**Directions for this task**
An exact repetition of the data is required; no picture should appear in it.

Segment Start: Data excerpt

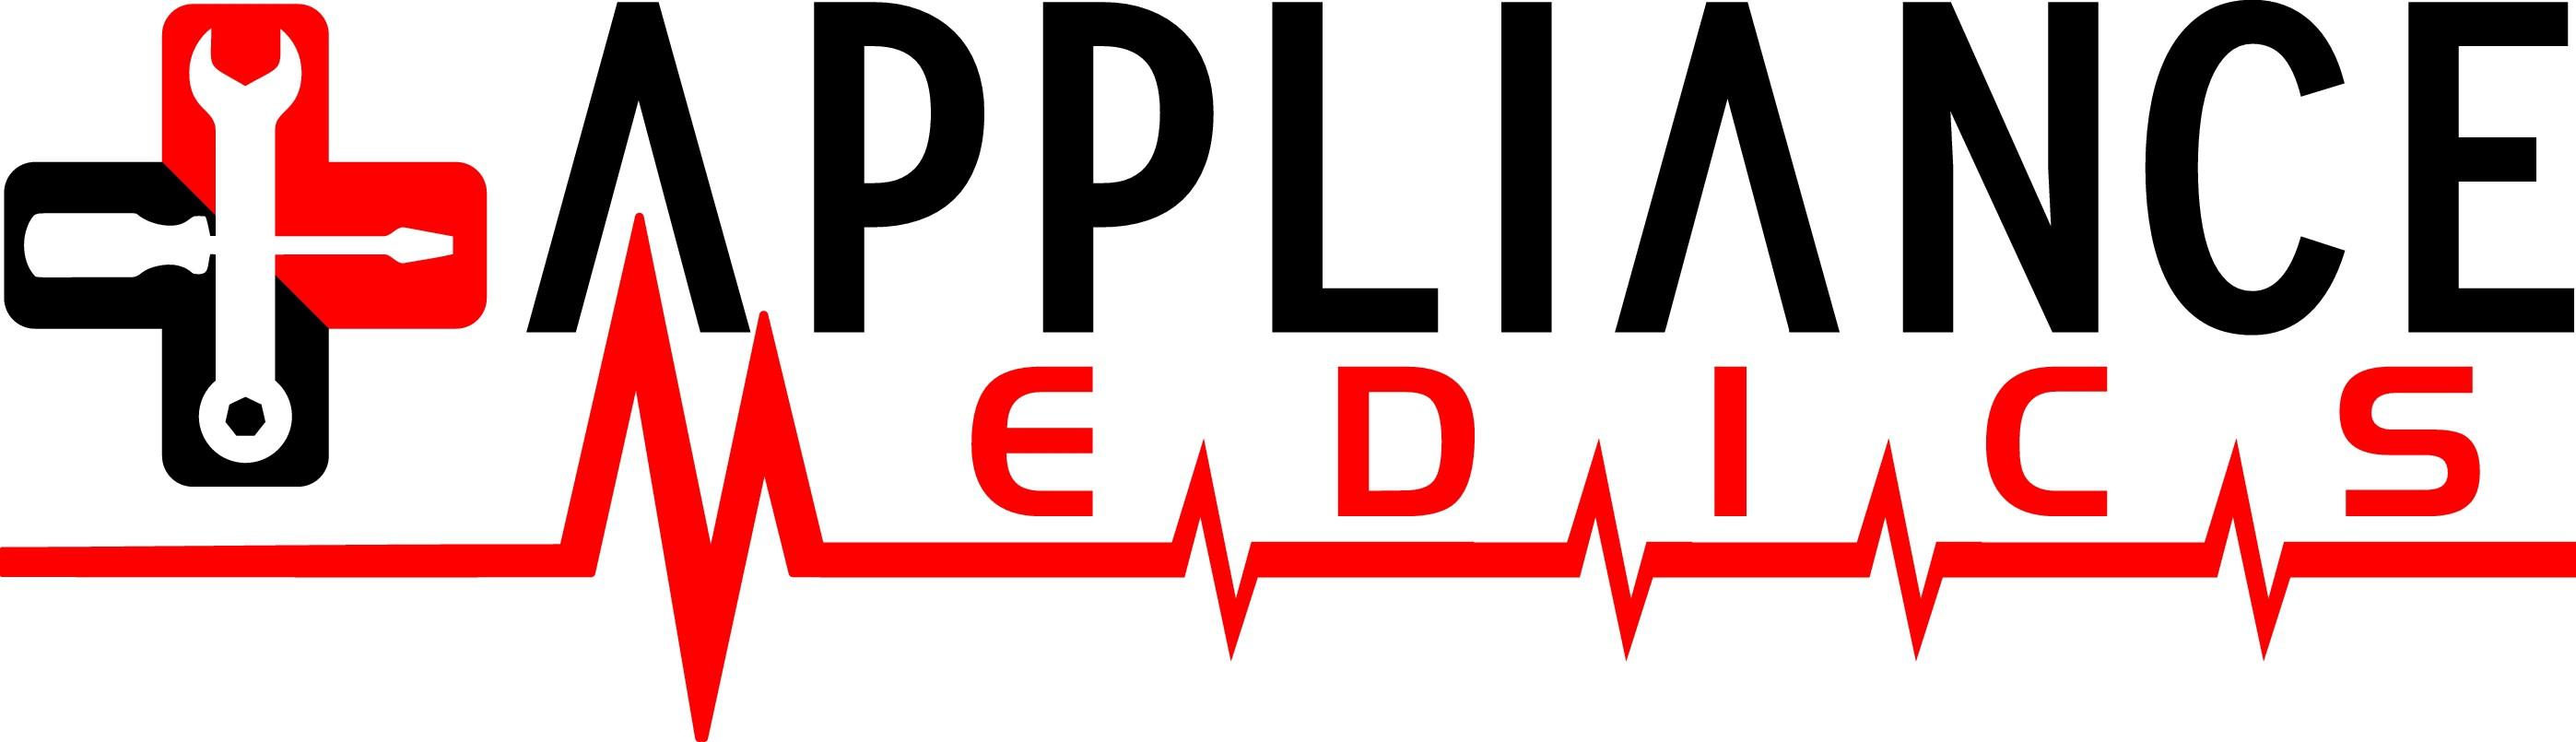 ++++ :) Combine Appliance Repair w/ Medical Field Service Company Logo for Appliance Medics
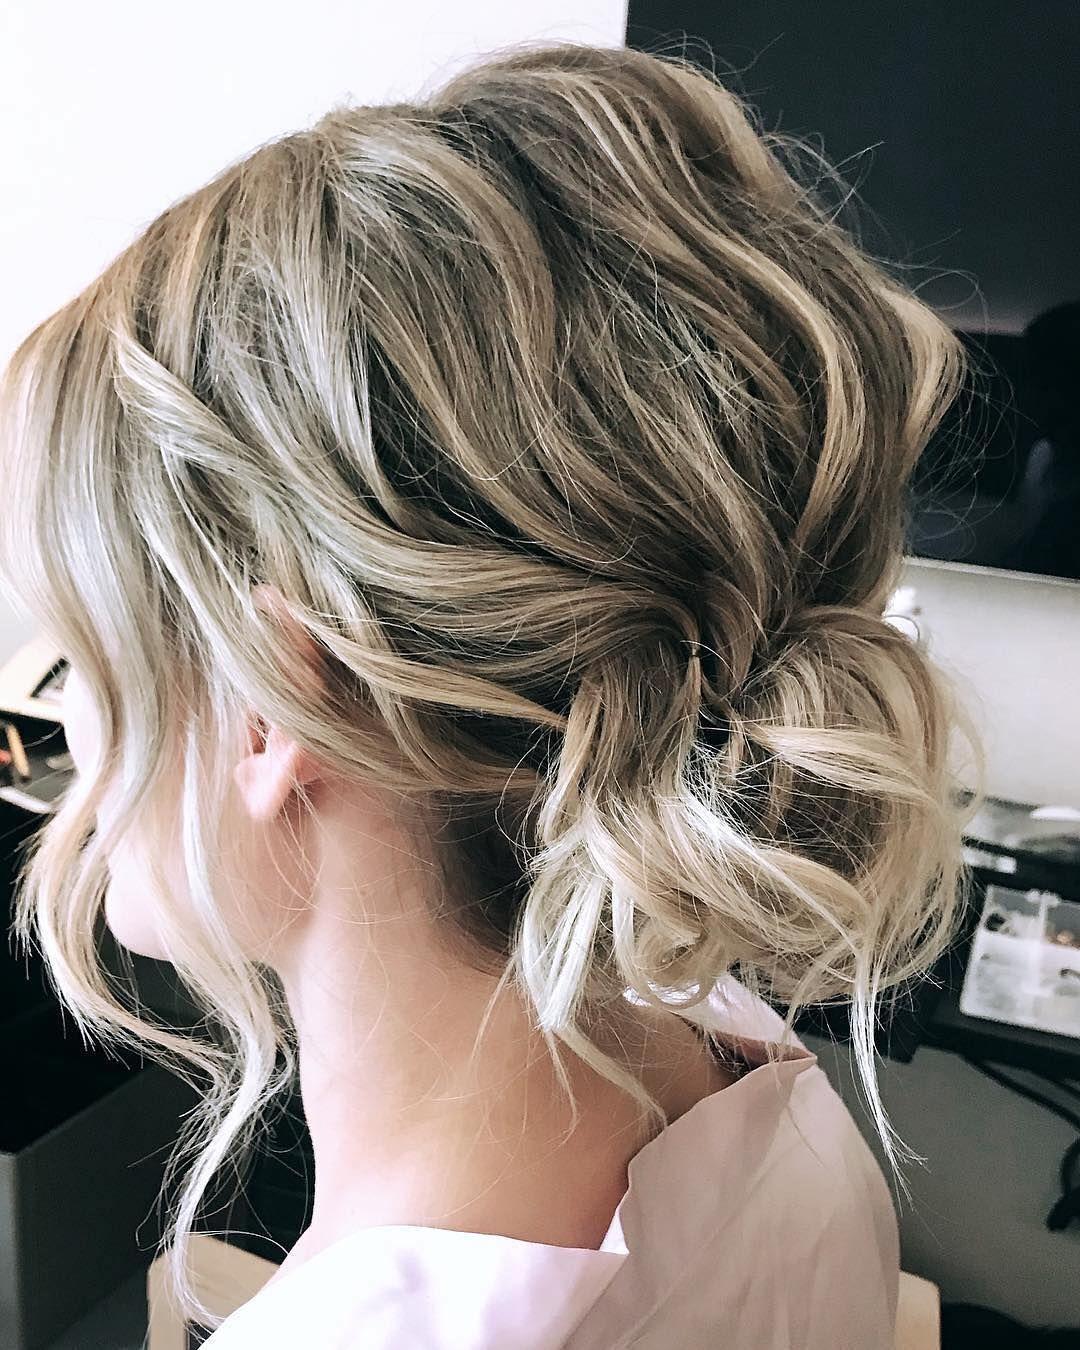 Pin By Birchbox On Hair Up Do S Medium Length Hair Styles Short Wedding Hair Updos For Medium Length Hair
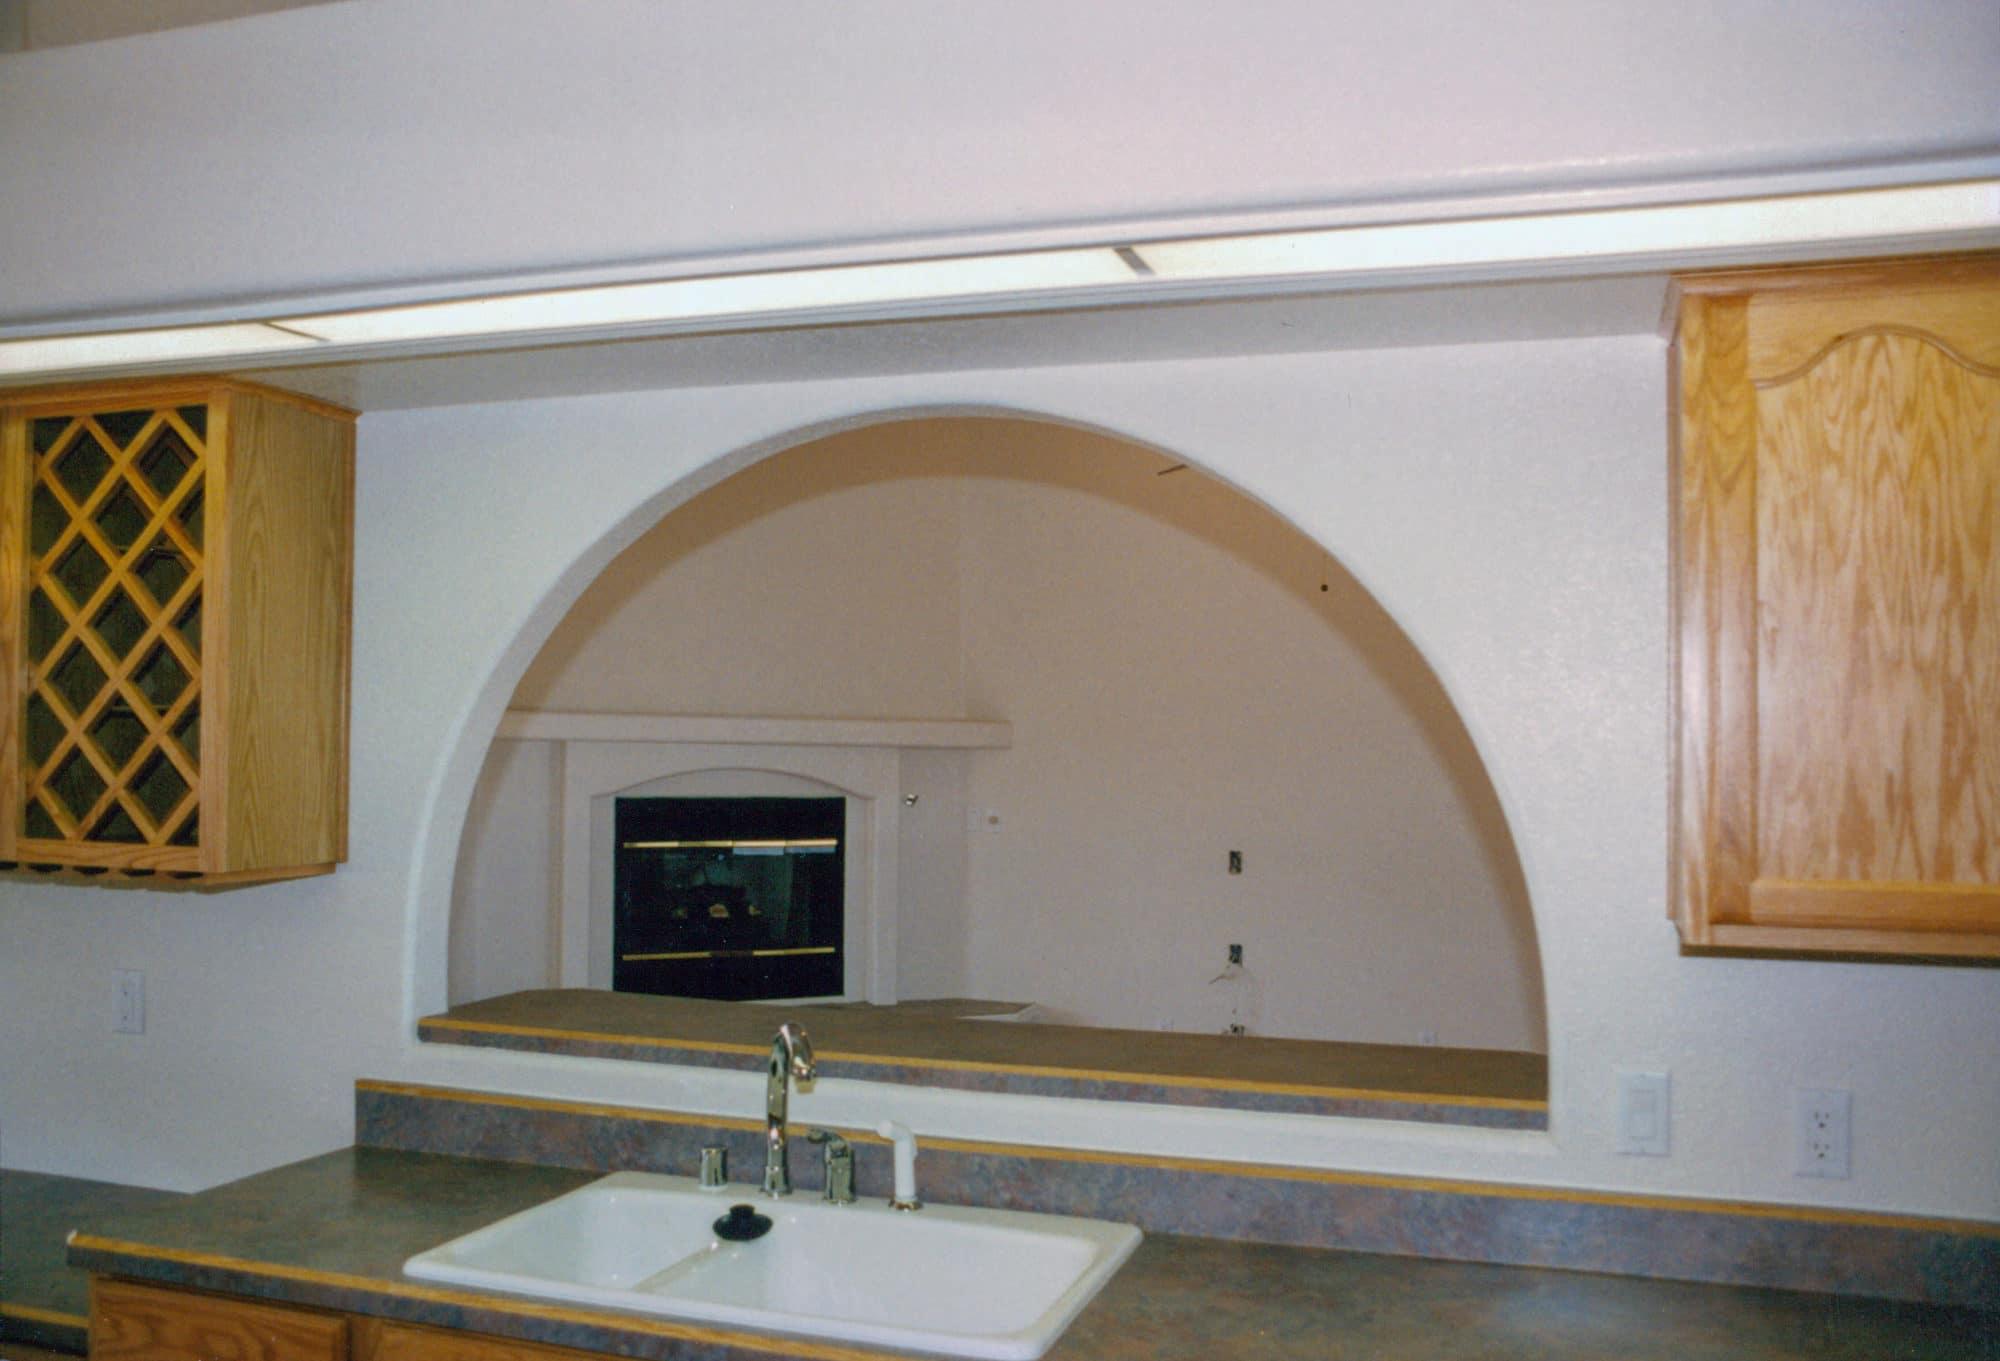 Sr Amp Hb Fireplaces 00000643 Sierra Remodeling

Segment End: Data excerpt

**Written response**
 ++++ :) Combine Appliance Repair w/ Medical Field Service Company Logo for Appliance Medics
 Pin By Birchbox On Hair Up Do S Medium Length Hair Styles Short Wedding Hair Updos For Medium Length Hair
 Sr Amp Hb Fireplaces 00000643 Sierra Remodeling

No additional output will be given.